Assignment: Copy each line from the entries that the word "People" appears in.

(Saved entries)
====================

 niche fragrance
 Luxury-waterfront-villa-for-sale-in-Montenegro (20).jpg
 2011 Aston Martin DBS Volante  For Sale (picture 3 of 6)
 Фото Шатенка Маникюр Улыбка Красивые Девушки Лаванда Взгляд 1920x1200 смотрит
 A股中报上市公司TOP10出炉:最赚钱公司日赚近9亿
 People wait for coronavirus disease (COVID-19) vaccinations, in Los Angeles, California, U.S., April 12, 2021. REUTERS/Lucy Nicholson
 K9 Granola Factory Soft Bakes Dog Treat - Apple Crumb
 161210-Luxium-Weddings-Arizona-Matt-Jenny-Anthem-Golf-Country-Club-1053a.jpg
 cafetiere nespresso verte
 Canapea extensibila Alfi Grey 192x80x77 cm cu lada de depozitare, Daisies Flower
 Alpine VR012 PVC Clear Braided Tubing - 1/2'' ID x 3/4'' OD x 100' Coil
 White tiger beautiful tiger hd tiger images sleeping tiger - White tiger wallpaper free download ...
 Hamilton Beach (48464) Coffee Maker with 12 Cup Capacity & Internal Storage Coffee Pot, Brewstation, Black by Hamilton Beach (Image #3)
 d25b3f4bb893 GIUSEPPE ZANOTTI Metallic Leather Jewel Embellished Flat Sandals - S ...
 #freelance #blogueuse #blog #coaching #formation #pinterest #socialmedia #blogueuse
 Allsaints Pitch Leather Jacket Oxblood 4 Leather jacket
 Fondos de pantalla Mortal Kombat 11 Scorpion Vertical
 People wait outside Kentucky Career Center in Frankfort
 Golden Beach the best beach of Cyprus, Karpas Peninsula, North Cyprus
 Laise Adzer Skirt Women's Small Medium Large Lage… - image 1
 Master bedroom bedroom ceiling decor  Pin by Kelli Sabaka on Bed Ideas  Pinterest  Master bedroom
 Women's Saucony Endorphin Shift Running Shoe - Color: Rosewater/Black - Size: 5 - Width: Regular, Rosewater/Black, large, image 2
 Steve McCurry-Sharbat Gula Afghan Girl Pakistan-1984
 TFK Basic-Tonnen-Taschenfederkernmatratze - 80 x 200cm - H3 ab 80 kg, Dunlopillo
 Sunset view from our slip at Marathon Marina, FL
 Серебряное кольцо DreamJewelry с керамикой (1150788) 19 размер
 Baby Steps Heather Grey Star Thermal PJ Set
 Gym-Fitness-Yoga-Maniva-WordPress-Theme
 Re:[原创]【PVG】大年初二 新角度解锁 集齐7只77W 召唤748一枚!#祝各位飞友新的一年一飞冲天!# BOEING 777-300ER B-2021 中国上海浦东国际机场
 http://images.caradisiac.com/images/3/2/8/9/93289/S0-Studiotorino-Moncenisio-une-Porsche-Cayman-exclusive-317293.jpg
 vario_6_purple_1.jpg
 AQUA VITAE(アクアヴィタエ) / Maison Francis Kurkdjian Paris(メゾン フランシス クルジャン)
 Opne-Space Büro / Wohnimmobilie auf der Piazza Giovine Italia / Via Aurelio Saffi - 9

====================

Answer section:
 People wait for coronavirus disease (COVID-19) vaccinations, in Los Angeles, California, U.S., April 12, 2021. REUTERS/Lucy Nicholson
 People wait outside Kentucky Career Center in Frankfort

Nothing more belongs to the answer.